Laudato Si’ in the Catholic school

by Sister Limeteze Pierre-Gilles

“…some seed fell on rich soil, and produced fruit, a hundred or sixty or thirtyfold” (Matthew 13:8)

Two School Sisters of Notre Dame holding a basket of fruit.

Sisters Limeteze Pierre-Gilles (left) and Cathy Bonfield (right)

Recently this hopeful scripture passage came to life for me in a new way. Sister Cathy Bonfield, a teacher at Saint Martha Catholic School in Sarasota, Florida, and Tammi Peters, the school counselor, invited me to their school for Catholic Schools Week. Being with the entire school community and talking about my ministry with Beyond Borders as a School Sister of Notre Dame was an all-encompassing vocation story.

I was privileged to be in the field at St. Martha and St. Mary Academy with a delightful crowd of students from three-year-olds to eighth graders. The rich soil was their young minds and hearts that were open to learn about Haiti and Laudato Si’. We focused in particular on the gift of water and the ways in which the people of Lagonav Island struggle to gain access to water for their daily needs.
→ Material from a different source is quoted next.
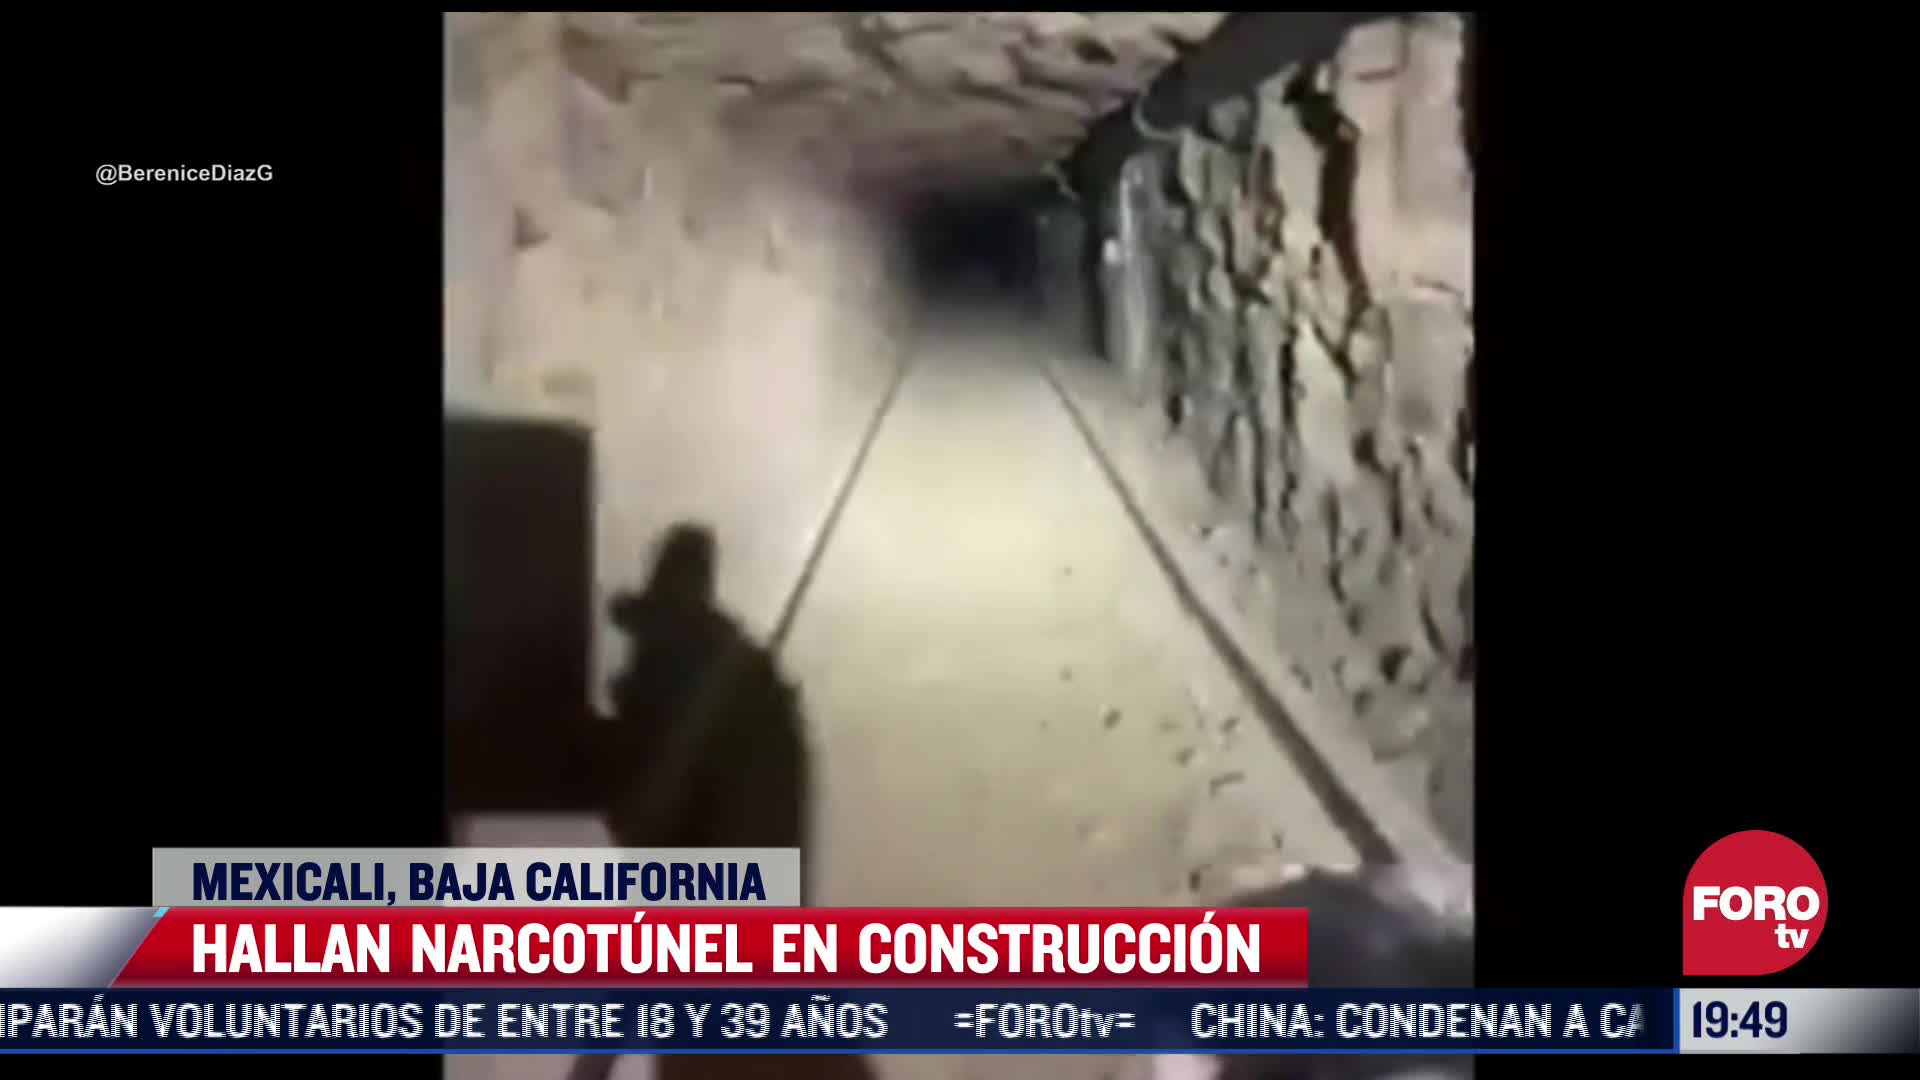 Hallan narcotúnel en construcción en Mexicali, Baja California

I also had the opportunity to share the story of how I was attracted to the School Sisters of Notre Dame and eventually became a religious sister. The word vocation cannot be easily explained to students who are three and four years old or in kindergarten and first grade, but by second grade they began to have some idea of its meaning. The seed of God’s Word has fallen on the rich soil of their hearts. So, I am confident that all the students will grow up to produce fruit of justice, compassion and love a hundred or sixty or thirtyfold as they move forward and answer the call of their particular vocation.

The children asked such provocative questions! They exhibit the qualities of the rich soil that Jesus talked about in the Gospel. Their attentiveness and understanding were exemplary. The world they live in, and the world inhabited by some of the families we work with on Lagonav Island may seem like two different worlds, but through Laudato Si’, the letter Pope Francis wrote to each of us, they understand that everything is connected. Every person, everything, everywhere is connected. We are all related.
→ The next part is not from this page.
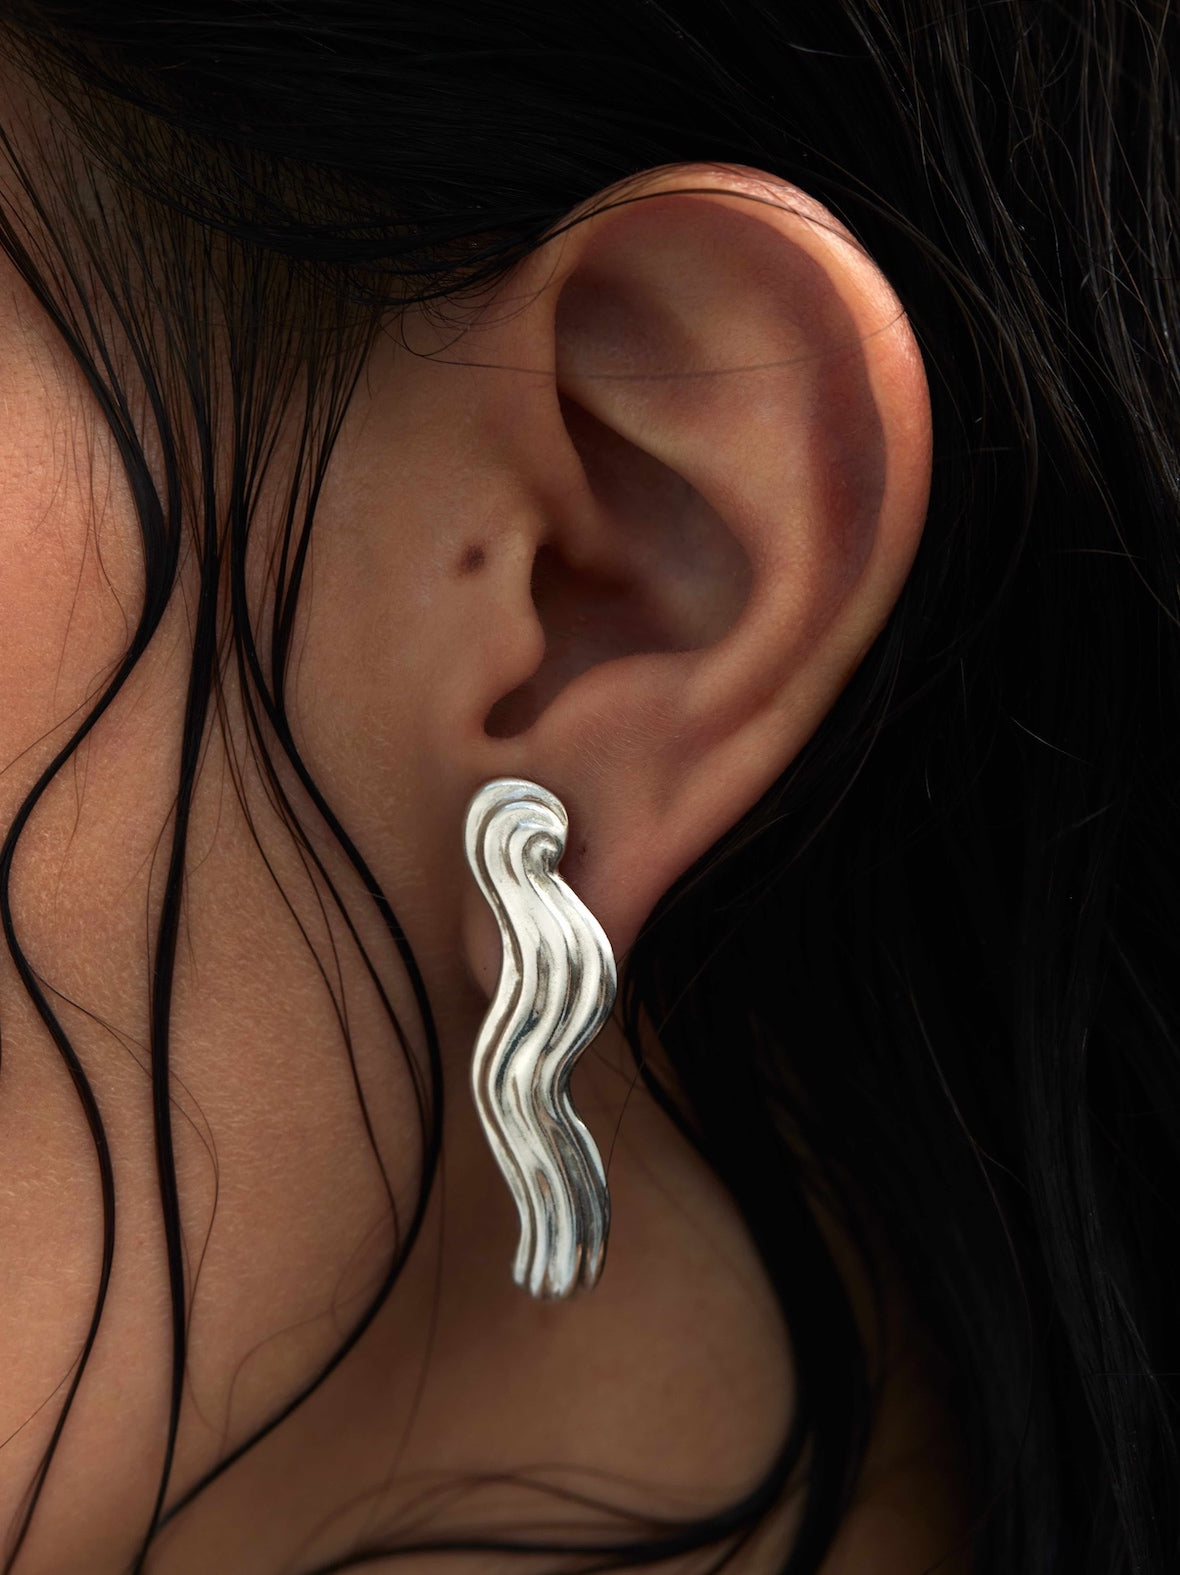 Models ear wearing a silver earring

I am grateful to the staff who patiently and lovingly continue to cultivate in the students their young hearts and their curiosity about the world around them. The children, their teachers and their parents are signs of God’s promise of an abundant harvest.

Sister Limeteze Pierre-Gilles, SSND, is the Assistant Director of Engagement at Beyond Borders.

Sister Limeteze addresses a group of students at St. Martha Catholic School in Sarasota, Florida.

Sister Limeteze answers students questions about Haiti.

Sister Limeteze shares her vocation story with students at St. Martha’s Catholic School in Sarasota, Florida.